Ahem. Returning to the subject of bulins… she extended beyond herself. So did Tennessee. It was hard to put it into words, but there was something there she could sense. Tennessee didn't end at that tanned skin or a hull covered in aged paint. Whatever it was – energy that the scientists tried to detect, or the spirit Utah talked about, or some mystery completely unknown to them – it hung around both Tennessees, dense and thick. Florida's… Florida's was there, but it was overwhelmed by Tennessee's, almost subsumed.

The process didn't feel scary, but maybe that was because she and Tennessee were agreeable. She let herself get swept up in Tennessee's willingness to fight, her wholehearted belief in the righteousness of the Union State (something that Florida would admit to not really buying), and just supported her as best she could. In the beginning, they struggled a lot. Both of them were used to taking on the whole problem of firing on their lonesome, so they'd stumble over each other, doing the same math twice.

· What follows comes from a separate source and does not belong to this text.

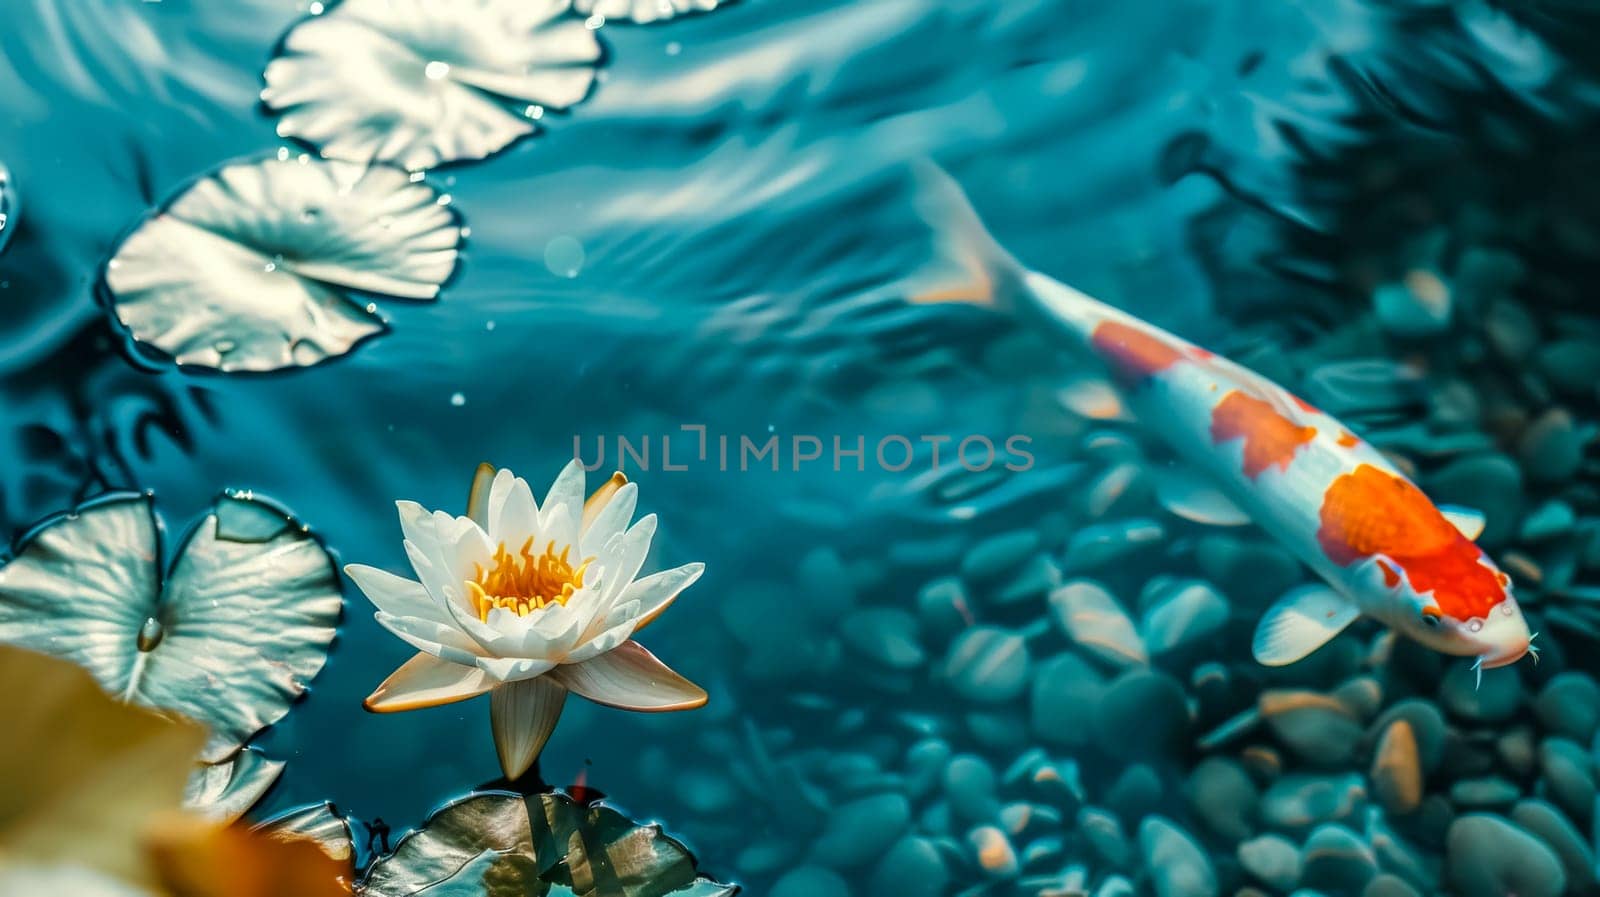 Serene image of a colorful koi fish swimming near a blooming water lily in a tranquil pond

In time, they got better. Two minds at work, hopping through problems at something like twice the pace. Admittedly, it wasn't perfect, because Tennessee was the one who had to actually turn those numbers into movement. At least, she had to where it mattered. Florida had some control, but it was sluggish and imprecise, not useful for the fine fire control shipgirls were prized for.

After that… it took ages. Miserable ration dinners eaten with Tennessee, battles survived together, long evenings spent smoking cigarettes and discussing the sorry state of the Union. Florida taking over more minor duties, slowly forgetting what her original ship felt like as she worked to ensure that Tennessee would perform as well as possible. Florida couldn't say how Tennessee felt about the matter because she wasn't big on the whole sharing feelings thing, but there were moments when she genuinely couldn't imagine her life without Tennessee in it. Like yeah, maybe she could marry someone – Tennessee's officers liked her – but she'd still want to live near Tennessee, you know?

(In all likelihood, it would be her following Tennessee. She had more prospects than Florida did. She had her head screwed on straight in the midst of all this insanity. She guided the ship along her course, Florida made sure the little things operated smoothly.)

And then they really reached their apex, Florida thought. She wasn't sure how two separate people could work together more efficiently while remaining two separate persons. Her thoughts bled over into Tennessee's and vice versa, data flowed between them, a thousand times more efficiently than radio or telegraph. Florida was ever so slightly better at trigonometry than Tennessee, so she'd handle that part of the math, while Tenn had a better instinctual understanding of some particulars of calculus…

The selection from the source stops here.